Suppose to have a set of data $\{y_i, u_i\}_{i=1}^m$, where $y_i \in \mathbb{R}$ and $u_i \in \mathbb{R}^n$.
The claim is that
$$y_i = u_i^\top \theta + \varepsilon$$ where $\theta \in \mathbb{R}^n$ is a vector of unknown parameters and $\varepsilon$ is some kind of zero-average noise (e.g. Gaussian noise).
If I build the followings:
$$Y = \left[\begin{array}{c}y_1\\y_2\\\vdots\\y_m\end{array}\right], U = \left[\begin{array}{c}u_1^\top\\u_2^\top\\\vdots\\u_m^\top\end{array}\right], $$
then I can find a least squares estimation of $\theta$:
$$\hat\theta = (U^\top U)^{-1}U^\top Y.$$
Anyway, suppose that $n$ and $m$ are very huge. Then solving the previous problem numerically is very hard due to memory consumption.

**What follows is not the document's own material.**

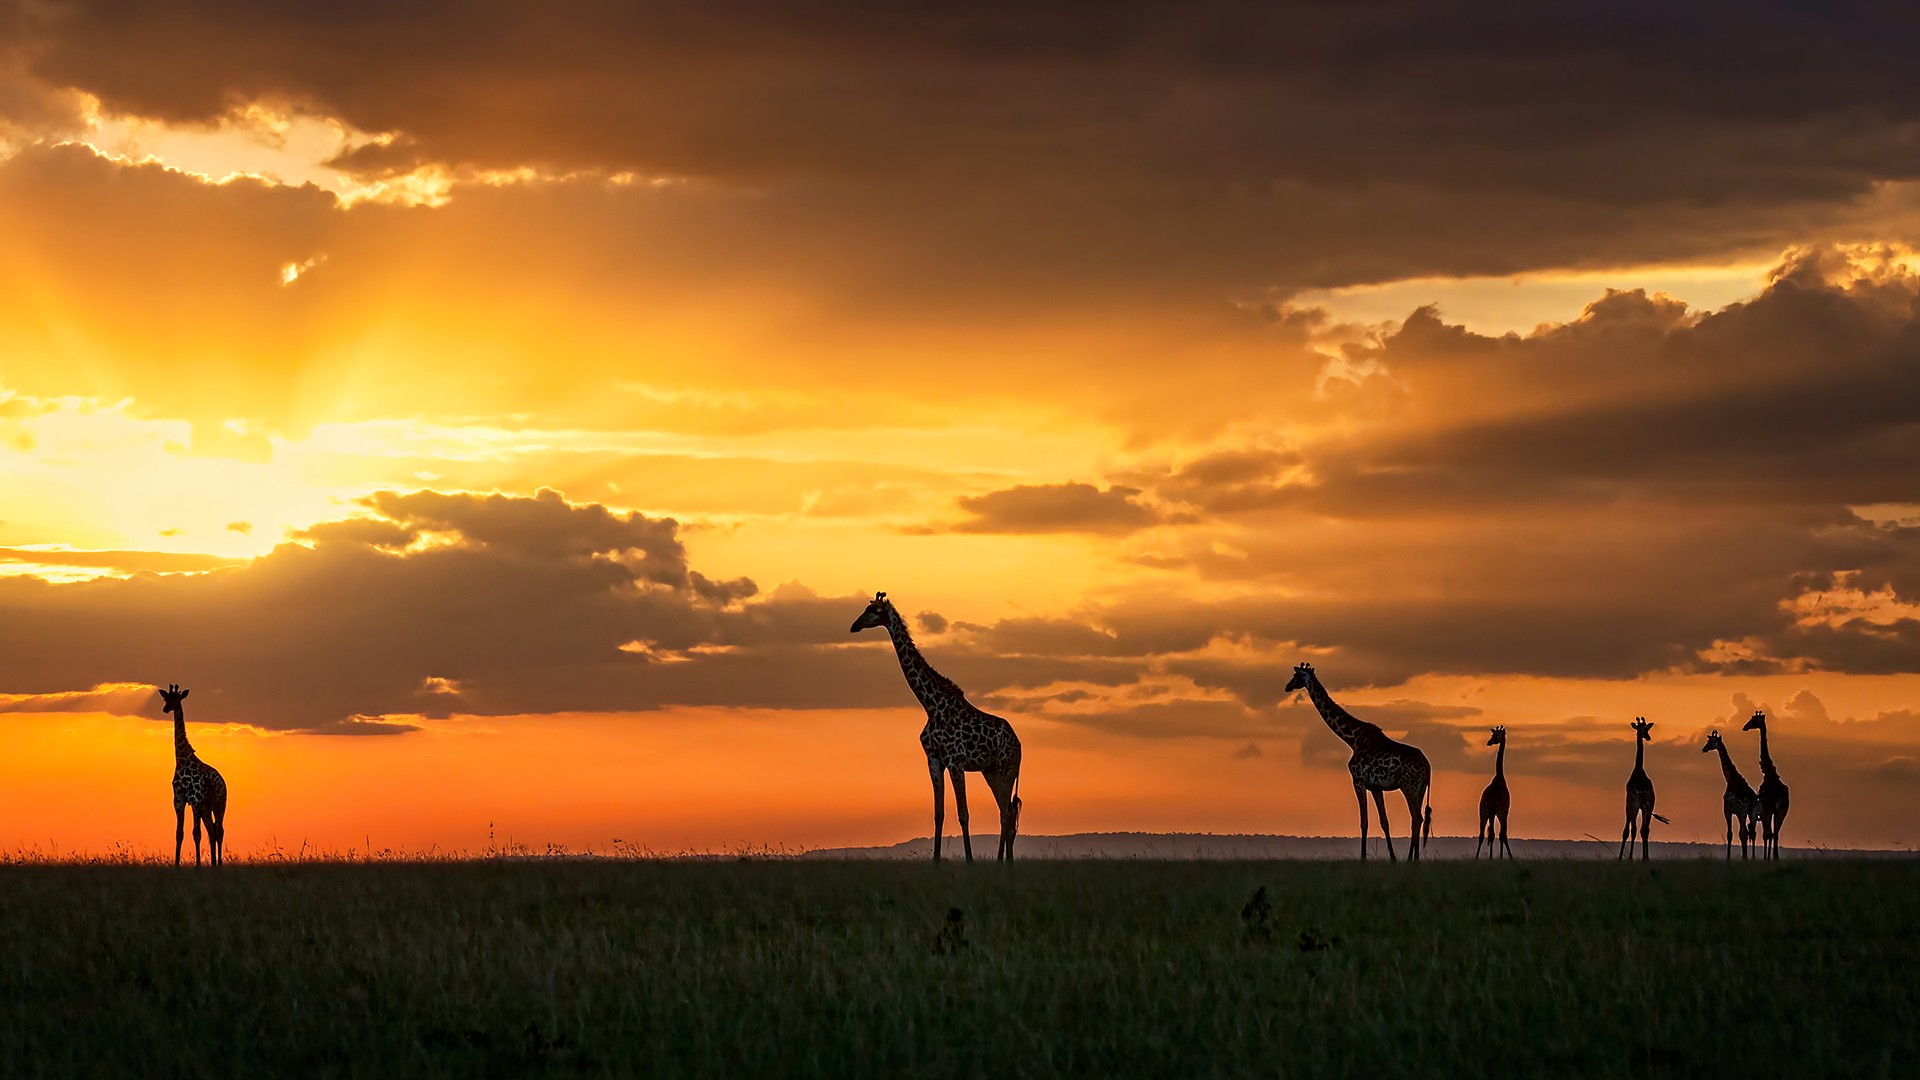 Animals Mammals Giraffes Landscape Orange Sky Africa 1920x1080

My question is: is there some iterative methods such that I can find $\hat\theta$ iteratively in order to save memory?
I hope that there exists some schema like the following:
$$\begin{align} \hat\theta_1 & = f(y_1, u_1)\\ \hat\theta_2 & = g(\theta_1, y_2, u_2) \\ \hat\theta_3 & = g(\theta_2, y_3, u_3) \\ \vdots\\ \hat\theta_m & = g(\theta_{m-1}, y_m, u_m) = \hat\theta = (U^\top U)^{-1}U^\top Y.\\ \end{align}$$
Yes, you can apply gradient descent techniques to optimize the square loss :
$$L(\theta) = \sum_i (y_i - u_i^T\theta)^2$$
Compute the gradient $\nabla_\theta L$ and apply the gradient descent method of your choice.

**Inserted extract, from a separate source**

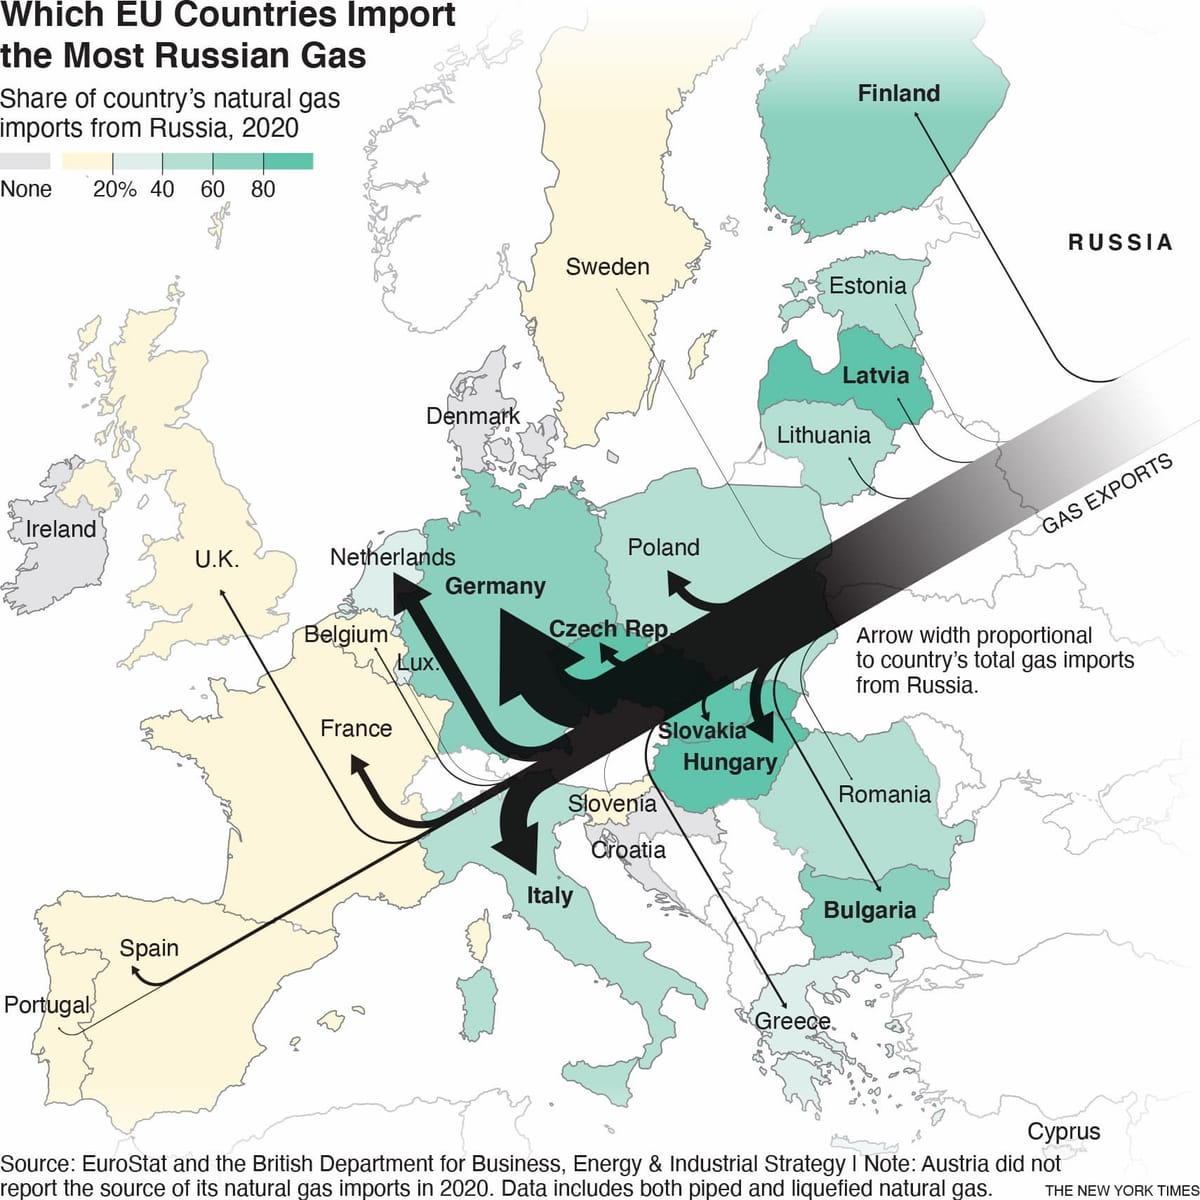 ウクライナ紛争は欧州のロシア依存をどう変えるか？

The basic scheme is given by the recursion
$$\theta_{n+1} = \theta_{n} - \sigma \nabla_{\theta_n} L$$
For some stepsize $\sigma$ which should be adjusted. However this is clunky, and second order methods should be prefered, for example Newton's method, or LBFGS if you have a large number of variables and memory is a bottleneck, which seems to be the case.
You could also apply stochastic gradient descent or some variant (ADAGRAD, ADADELTA). There is extensive literature on the subject.